У человека одна задача – стучать с упорством, терпением и смирением в дверь молитвы. Открыть же эту дверь – дело Бога, и Он вознаграждает молящегося или нет. Если же он не имел от умной молитвы посещение Божие, то Старец поступал следующим образом. Он начинал тихо напевать тропари из чина пострига в монашество, такие как: «Объятия Отча…» или другие какие-либо тропари из чина погребения. Таким образом, Старец давал уму отдохнуть и отражал демонские нападения, направленные на то, чтобы спровоцировать рассеянность и тем привести его в расстройство. И опять принуждал свой ум не выходить из сердца, чтобы пребывать в молитве. Желающий спастись изобретает для этого пути и способы, чтобы помочь душе в её исканиях и единении с Богом. Однако, если ни импровизированная молитва, ни псалмопение, ни принуждение ума не давали результатов то, он переходил к другому способу. Начиная размышлять о смерти, о распятии Христовом, о Страшном Суде, о Втором Пришествии, об аде и рае. О том, как придет Христос, как придут Ангелы, как восстанут мертвые, как взойдут на облака.
– Одного меня не возьмёт облако! Возьмет моего соседа, вот того подвижника возьмет, возьмет отца Арсения, меня не возьмет.
И сидя плакал, так как все другие спасутся и станут справа, и лишь он вместе с другими нераскаянными грешниками пойдёт в ад.
– Ах! Огненная река с соблазнившимися, и я там буду!
После этого переносился в рай с наслаждениями праведников вечными благами. И благодарил Благого Спасителя и Благодетеля, и в то же время и Праведного Судию. И таким образом, поучаясь в памяти смертной и другом, он плакал и тем извлекал пользу. Если не находил благодать в молитве, находил в подобных размышлениях. И таким образом проходило бдение с максимальной пользой, нисколько не упуская времени.
В иной раз чтобы смирить помыслы, приводил на память святых делателей и великих подвижников духа с недосягаемыми их борениями, стараясь, подражая им, преодолеть препятствия и коснуться Благодати Божией.
Однако старец не тратил много времени на подобные приемы. Лишь только согреется сердце и соберется ум, сразу же оставлял все вспомогательные средства и старался скорее утвердить ум в сердце в умной молитве.
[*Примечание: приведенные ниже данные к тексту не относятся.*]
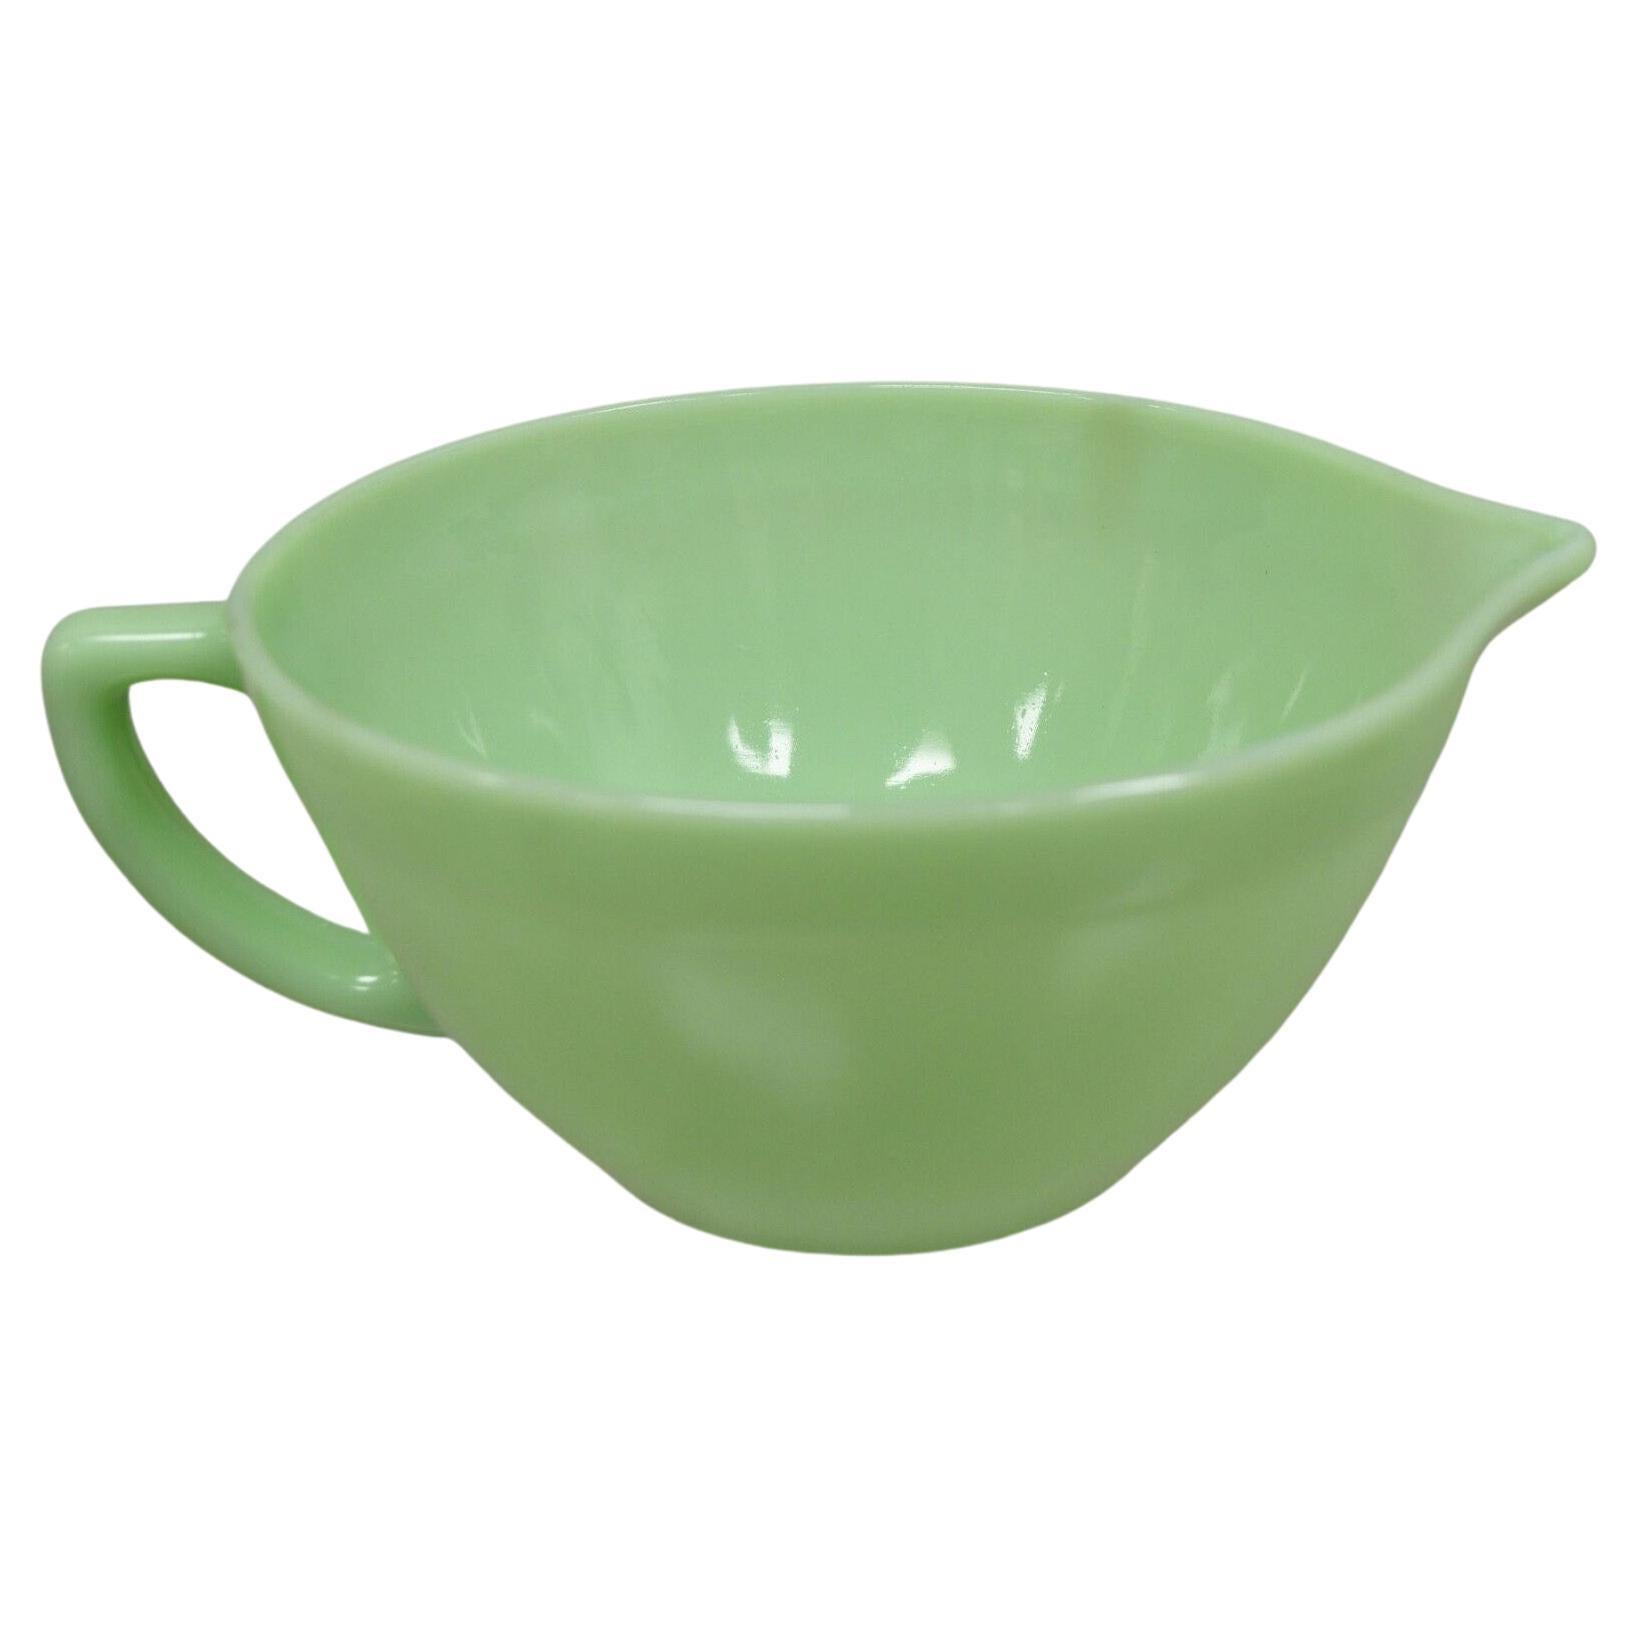 Vintage Fire King Oven Ware Jadeite Green Batter Bowl with Spout & Handle

От размышлений о смерти и прочего сердце приходило в сокрушение, а душа начинала с большим смирением пребывать в трезвении и внимании к молитве «Господи Иисусе Христе, помилуй мя». Сущность молитвы – есть сосредоточение ума в сердце, поскольку только тогда молитва произносится нерассеянно, и понимается всё ее содержание в полноте. Это подобно тому, как если бы во время молитвы «Господи Иисусе Христе…» ты действительно припадаешь к ногам Христа и плачешь: «помилуй мя». Это не так, как при пении псалмов или тропарей Господу, для того чтобы улучить прощение, как мы это делаем в псалмопении, которое содержит в себе премудрость Божию и нас учит о Божией Милости, прощении и Любви. Нет, Иисусова молитва – есть образ хананеянки, которая принудила Христа, чтобы ее помиловал: «Помилуй мя, Господи Сыне Давидов». И как слепец, кричавший: «Сыне Давидов, помилуй мя».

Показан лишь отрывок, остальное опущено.